I can’t tell you how many times I’ve read advice like this on various marketing blogs. It’s as if saturating the internet with even more blog posts, eBooks, and guides will somehow help you to get the links you need.
The truth is that while publishing content is important, it is absolutely essential to understand how to publish the right kind of content.
It’s not just a coincidence that some content attracts more links than others. Yes, a big part of it has to do with your outreach efforts, but it is also directly related to the type of content you’re trying to promote.
In this post, I’m going to tell you what kind of content you should create to get more links and what kind of content you need to avoid.
Is There a Correlation Between Share Counts and Backlinks?
First things first: is there any correlation between the number of shares a piece of content receives versus its backlink count?
Common sense would say yes. After all, if a piece of content is popular (i.e. it has a lot of shares), it should also be heavily linked to by bloggers and webmasters.
However, according to a study conducted by Moz and Buzzsumo, while there is still some correlation between shares and links, the study found that out of 757,317 well-shared posts, over 50% still had zero external backlinks.
After analyzing over 100,000 random posts, this is the result of the study:
Since social signals don’t necessarily influence rankings, if your goal is rankings, you’ll need to come up with something a little better than just a sensational headline. You’ll need to craft content that can actually attract links and not just social shares.
So what kind of content actually gets links?
Content that Gets Links
In 2012, Moz dug through its content archives to figure out what kind of content gets links. Its results weren’t exactly surprising: posts with images receive more links than posts without images:
People find it easier to digest content that is visually appealing, as opposed to just reading plain text. Remarkably, the brain processes visual information 60,000 times faster than the time it takes for the brain to decode text. Since the advent of the internet, with consumers living fast-paced, on-demand lives, it’s essential to connect to your readers from a visual standpoint in order to keep them reading on your site.
In addition, the above study found that there was a clear correlation between word count and backlinks. Longer content portrays the content is more in-depth, well researched, and credible, increasing the likelihood of people linking to it.

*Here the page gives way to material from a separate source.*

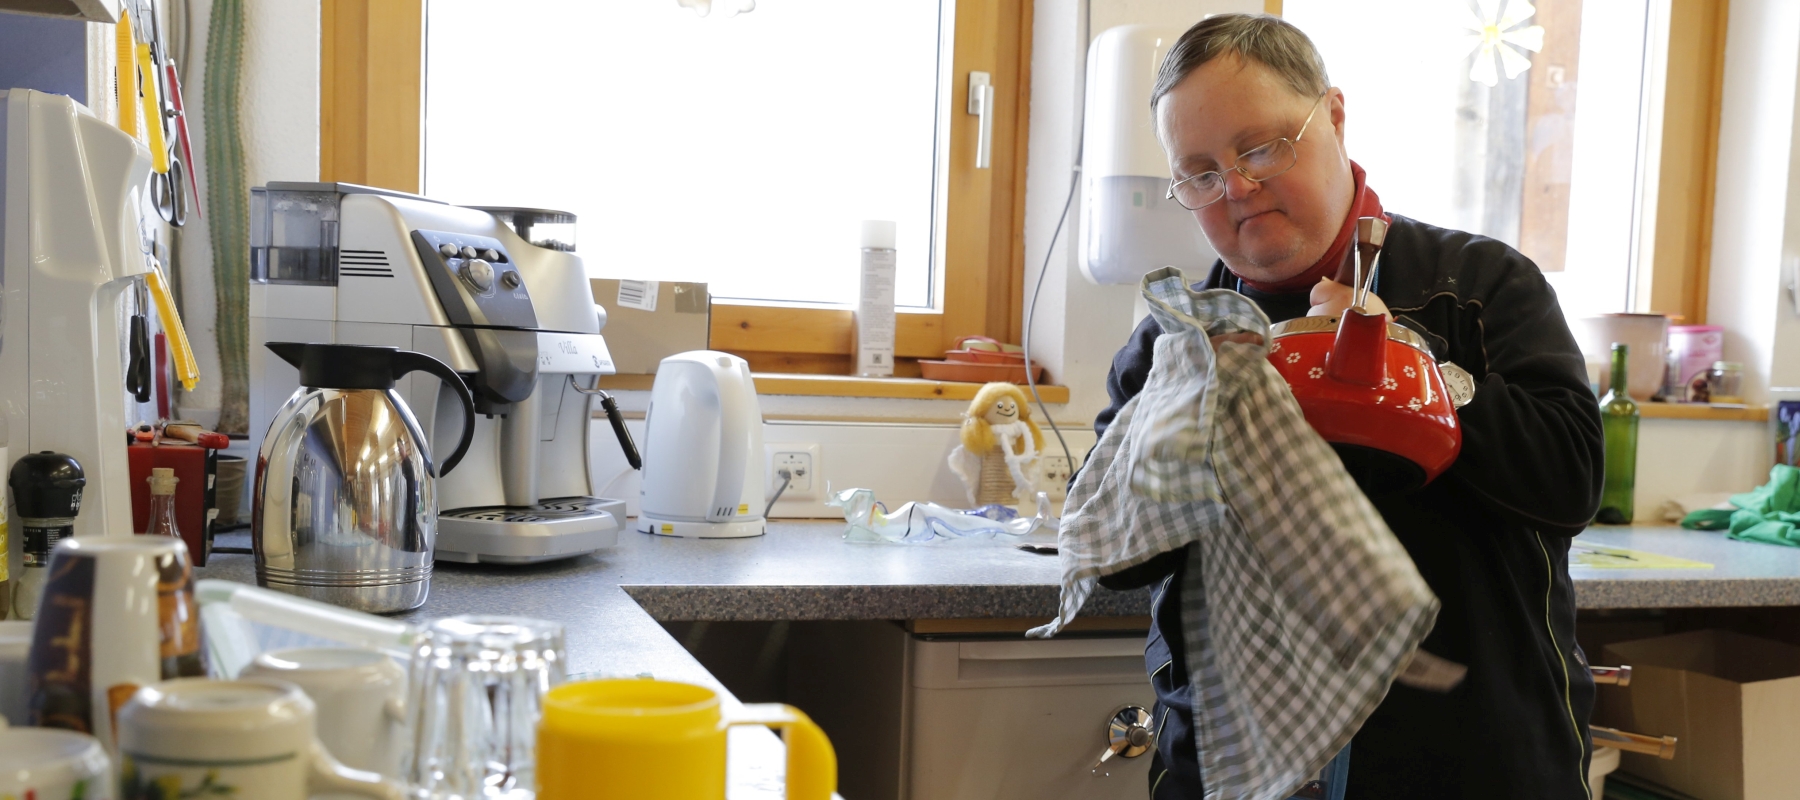 Ein Mann mit Down-Syndrom steht in der Küche und trocknet eine Teekanne ab.

So, the takeaway is if you’re trying to create a linkable asset, be sure to create content that is longer, more in-depth and contains visual content as well. Quality over quantity, if you will.

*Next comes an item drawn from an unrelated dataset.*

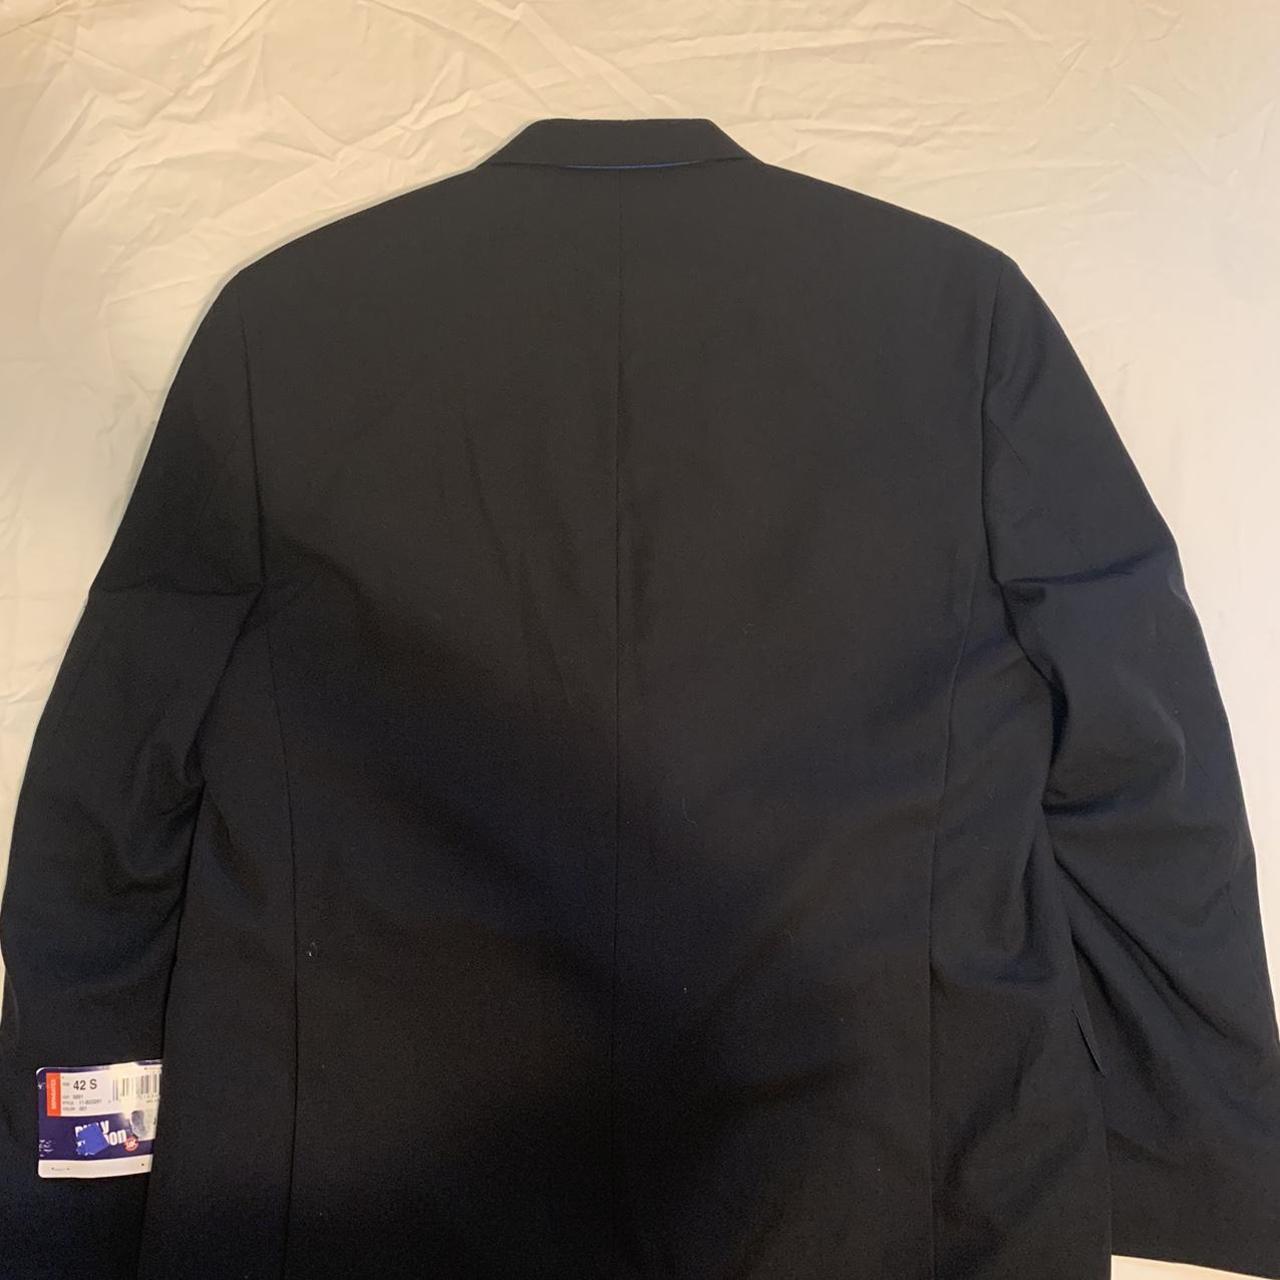 Product Image 2 - Black oversized blazer

You may even want to consider creating a separate ‘resource’ section on your site, especially for in-depth content or guides. Besides allowing you to be more creative with your design, this will also make your in-depth content stand out, and help to distinguish it from the millions of other blog posts that are being published on a daily basis.

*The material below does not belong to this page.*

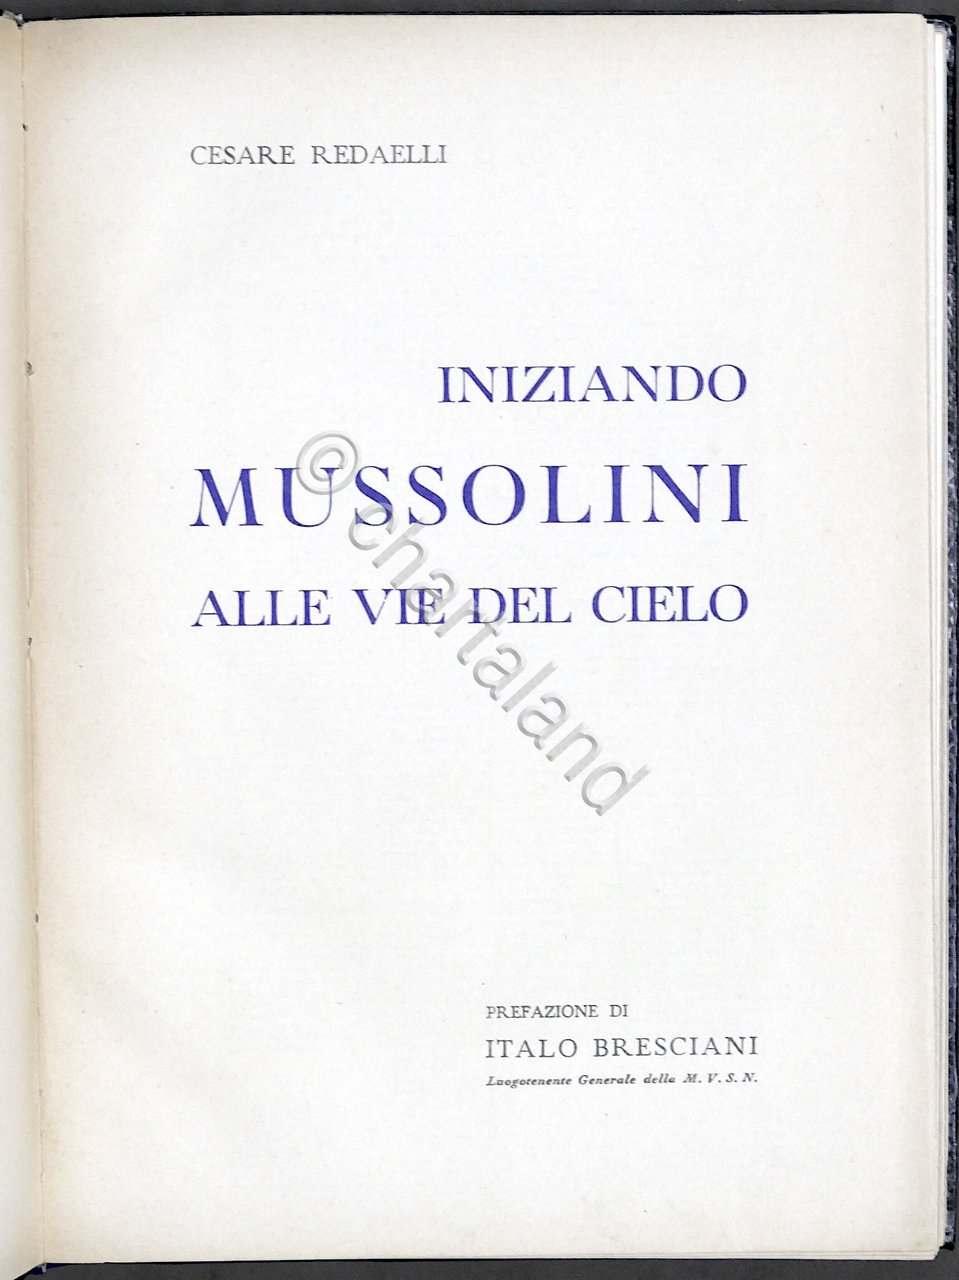 C. Redaelli - Iniziando Mussolini alle vie del cielo - …

Studies, Surveys, and Research Data get Links
There is, however, some content that can yield great results, even though it doesn’t meet the above criteria.
For example, take a look at this page on marketing statistics from HubSpot. It is a relatively simple page that curates the latest marketing statistics from across the web. It doesn’t stand out in neither design nor depth. However, according to ahrefs, it has earned an astonishing 5,320 backlinks from thousands of referring domains:
This page gets links because it has data and as humans, we love statistics and comparing numbers. Writers, bloggers, editors frequently need a source or marketing statistic. HubSpot’s brand strength coupled with freshly updated (and accurate) stats means that people are more likely to link to it.
If HubSpot’s curated list of marketing statistics gets thousands of backlinks, natural order dictates that the studies HubSpot is basing its stats on should also get a lot of backlinks.
And the numbers back this up. Pew’s social media fact sheet, for example, has over 15,000 links from over 2,500 root domains!
Original studies do particularly well from a link building point of view, since they not only get editorial links but also links from data compilations (such as HubSpot’s list of marketing stats).
For link builders, this means original studies or research can make great linkable assets. And if you don’t have the time or budget to put one together, curating the best studies, statistics, and data on a topic is the next best thing.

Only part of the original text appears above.